Fortune/CNNMoney.com reports that Buffett came up with the idea this morning as he traveled to Carlsbad, California for an appearance at Fortune's Most Powerful Women Summit.

In a video interview with Poppy Harlow, Buffett explains the concept:

"I think it's important to have market-based prices. One way to get there would be to have the Treasury, we'll say, finance various institutions that would put 20 percent of their own money in to buy these mortgage securities that are for sale. The Treasury would lend 80 percent. Whoever put up the 20 percent would not get a dime back until the Treasury got all of its money, plus interest, plus perhaps a share of the profits.

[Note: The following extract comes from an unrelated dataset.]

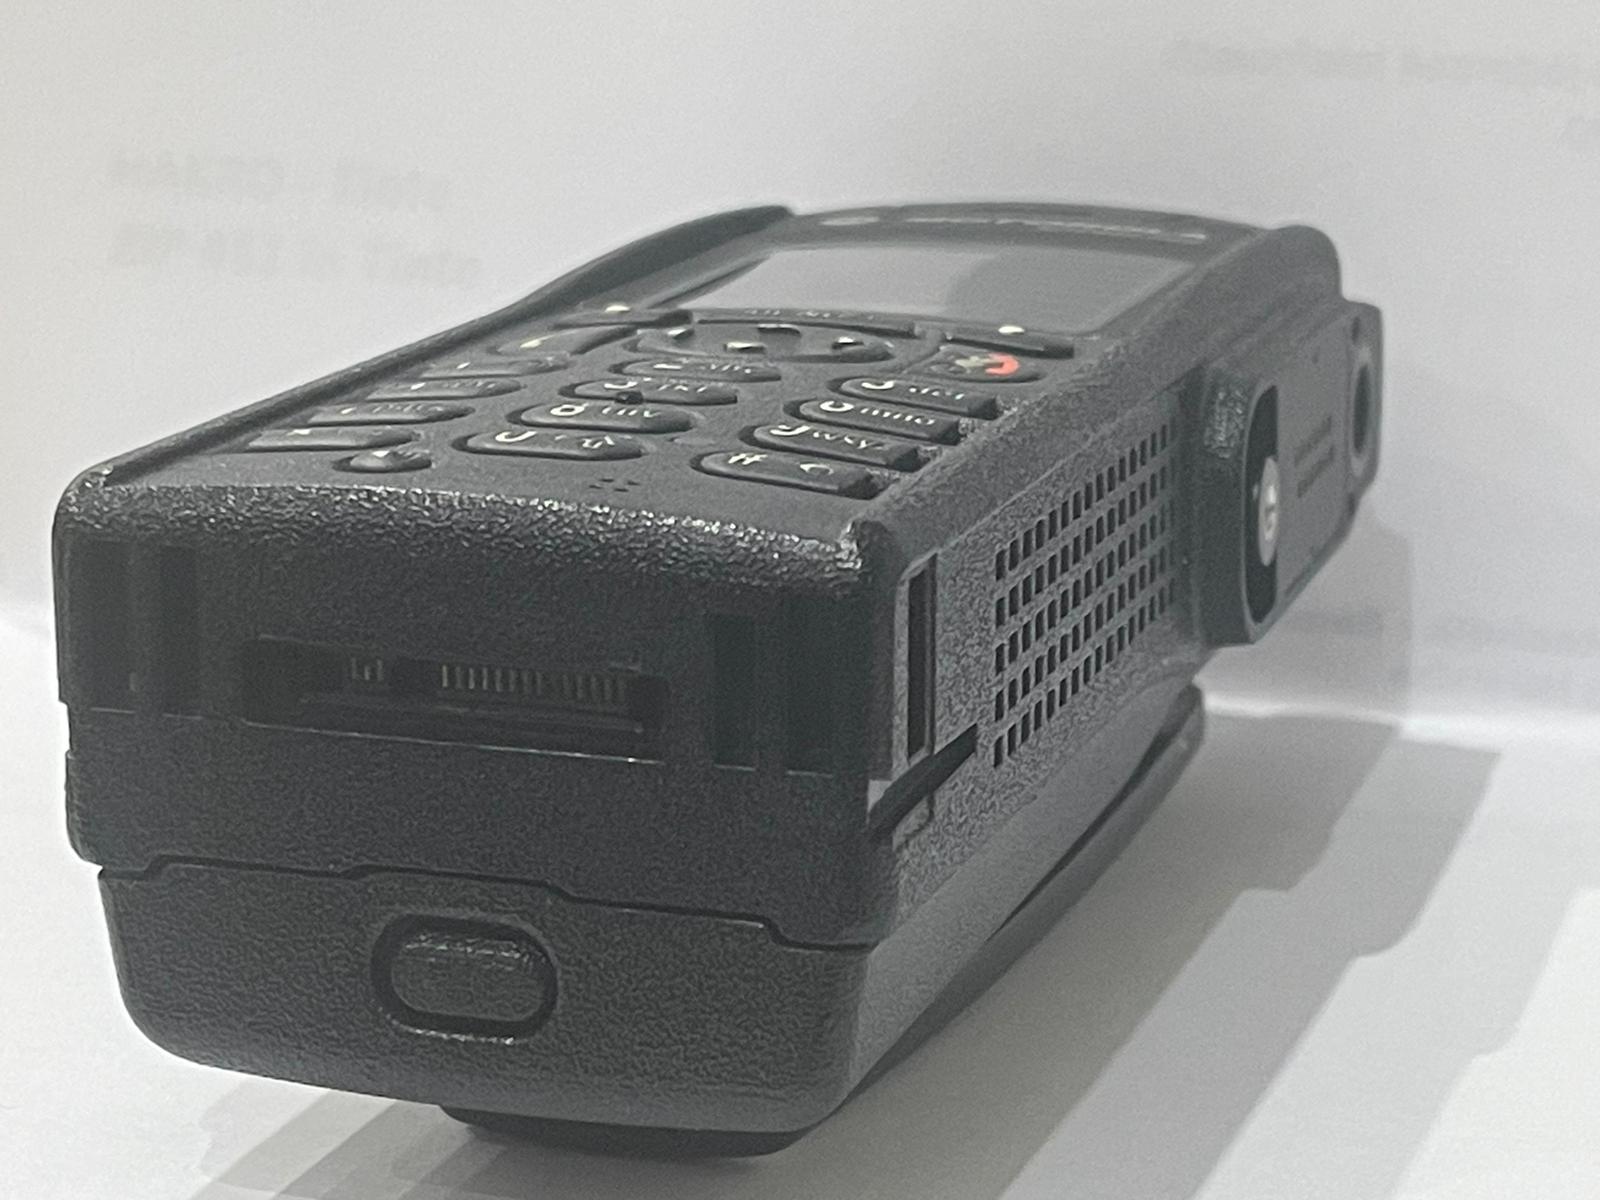 Reparatur Motorola MTP850 "Ladekontakt"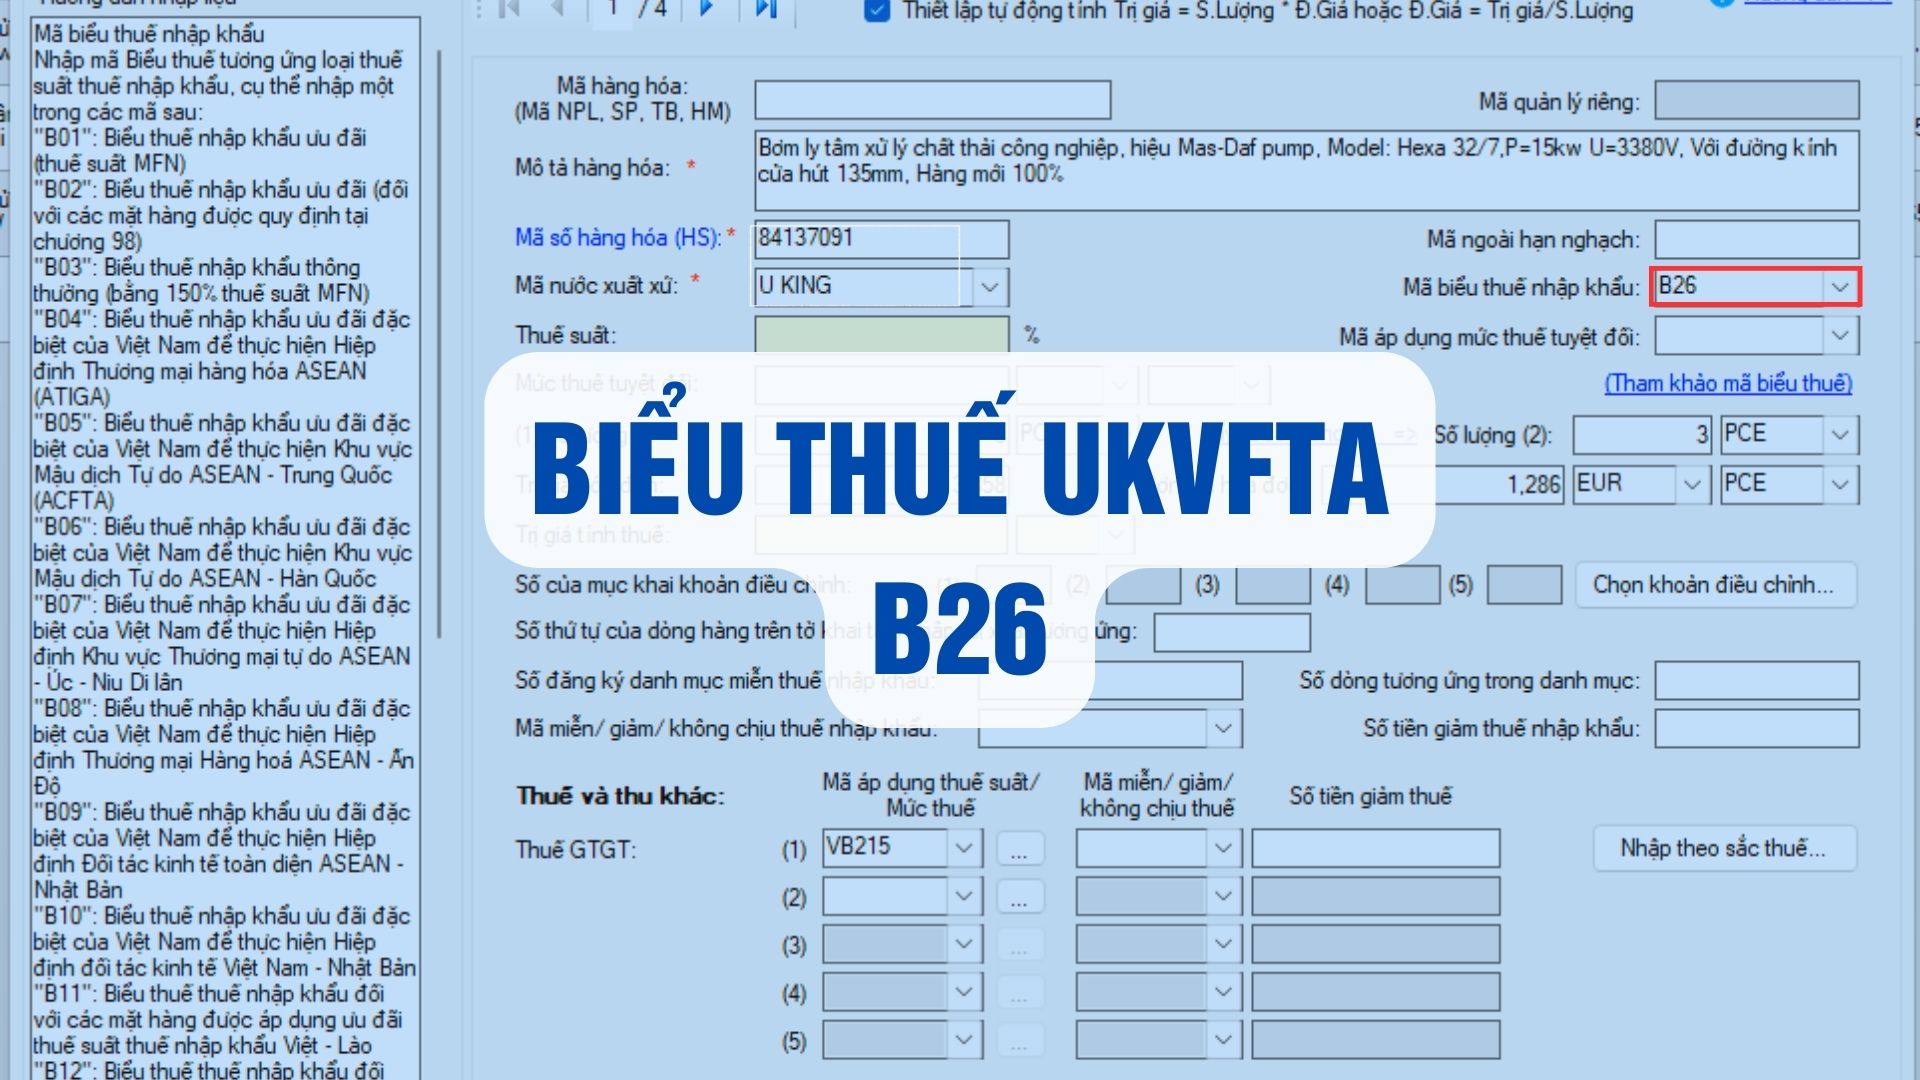 công văn 2743/TCHQ-TXNK mã biểu thuế B26 UKVFTA trên tờ khai hải quan

You would get real market prices that way. You'd get people that knew the game. You get people administering, even, the program, in a sense, that bought these mortgages and would care a lot, because the Treasury would have to get all of its money back, its 80 cents, before they got their 20 cents. And the Treasury could participate in the profits. It's just a thought to get market-based pricing into the system and get some other people with skin in the game that will lose money if for any reason the Treasury - In fact they'll lose all their money, before the Treasury loses a dime."

Buffett has predicted the government has a good chance of making a profit on the bailout if it buys the toxic assets at market prices. Yesterday, he told us he'd be willing to take one percent of the government's deal.

Sounds like he's come up with an idea that would let him, and others, follow through on that offer.